Under the hood you also get a lot of tricks implemented by default. You don’t have to worry about e.g. strengthening running out of control, it will terminate in reasonable amount of ticks, even if that means it will not run to completion. And the next time you run it, it will start at a different point. This makes a big difference in case you actually want your tool to be usable, rather than just “publish and forget”. In many cases, simplification only makes things somewhat faster, and you want to stop performing the simplification after some time, but you also want your users to be able to report bugs and anomalies. If the system didn’t have timeouts, you’d run the risk of the simplifier running way too long, even though the actual solving would have taken very little time. And if the timeout was measured in seconds, you’d run the risk of a bug being reported but being irreproducible, because the exact moment the timeout hit for the bug to occur would be irreproducible.

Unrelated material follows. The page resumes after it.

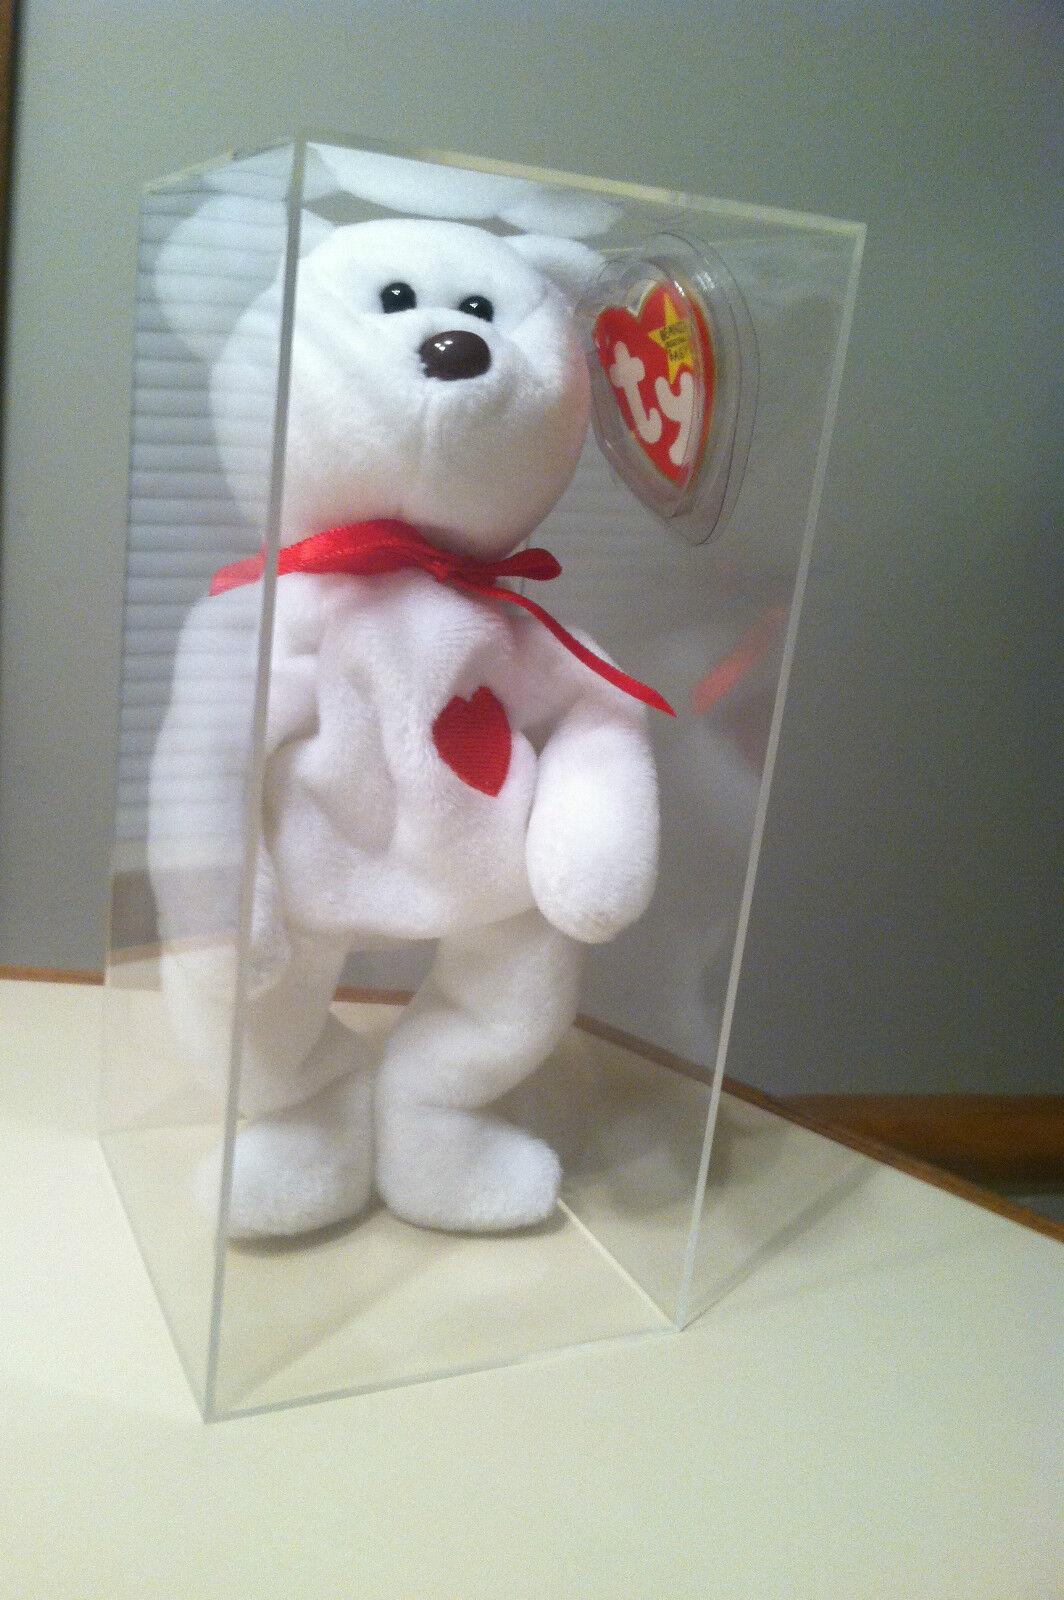 valentino beanie baby       mit rechtschreibfehlern

## Making the Best of it All

This system is just an API — it doesn’t do much on its own. You need to play with it, and creatively compose simplifications. If you take a look at `cryptominisat.h`, it already has a cool trick, where it moves the simplified CNF from an existing solver to a new, clean solver through the API, called `copy_simp_solver_to_solver()`. It is also used extensively in Arjun, our CNF simplifier for counting. There, you can find the function that controls CryptoMiniSat from the outside to simplify the CNF in the exact way needed. It may be worthwhile reading through that function if you want to control CryptoMiniSat via this API.

The `simplify()` API can give you the redundant clauses, too (useful if you e.g. did ternary or hyper-binary resolution), and can give you the non-renumbered CNF as well — check out the full API in `cryptominisat.h`, or the Arjun code. Basically, there is a `red` and a `simplified` parameter you can pass to this function.

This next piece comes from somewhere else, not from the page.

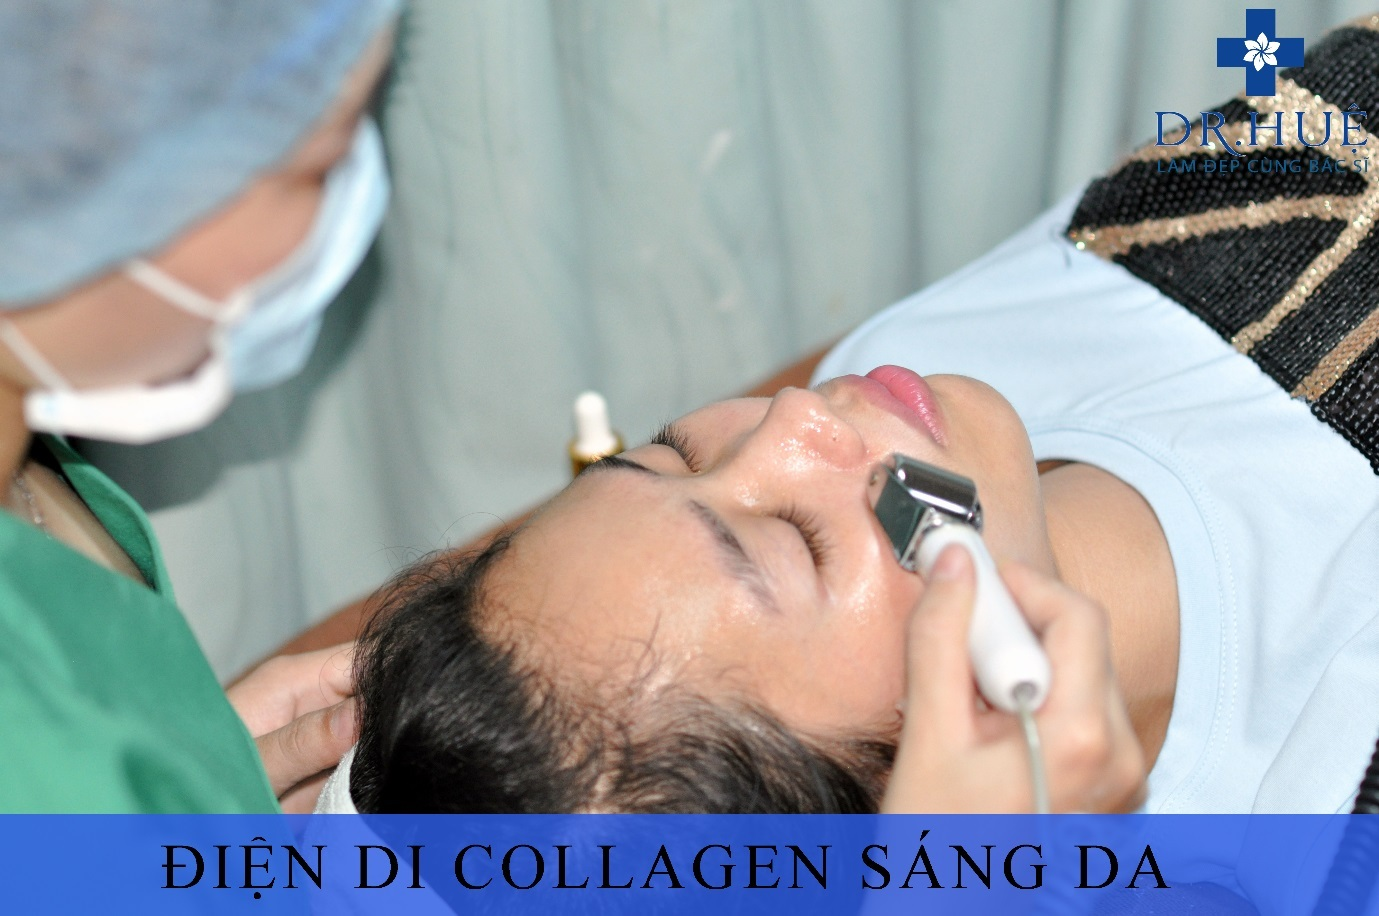 Bí quyết chăm sóc da đẹp như Suzy trong phim Khi nàng say giấc - Điều trị mụn Dr Huệ - Hình 3

Perhaps I’ll expose some of this API via the Python interface, if there is some interest for it. I think it’s quite powerful and could help people who use CNFs in other scenarios, such as MaxSAT solving, core counting, core minimization, etc.

## Closing Thoughts

I think there is currently a lack of tooling to perform the already well-known and well-documented pre- and inprocessing steps that many SAT solvers implement internally, but don’t expose externally. This API is supposed to fill that gap. Although it’s a bit rough on the edges sometimes, hopefully it’s something that will inspire others to either use this API to build cool stuff, or to improve the API so others can build even cooler stuff. While it may sound trivial to re-implement e.g. BVE, once you start going into the weeds of it (e.g. dealing with the special case of detecting ITE, OR & AND gates’ and their lower resolvent counts, or doing it incrementally with some leeway to allow clause number increase), it gets pretty complicated. This API is meant to alleviate this stress, so researchers and enthusiasts can build their own simplifier given a set of working and tested “LEGO bricks”.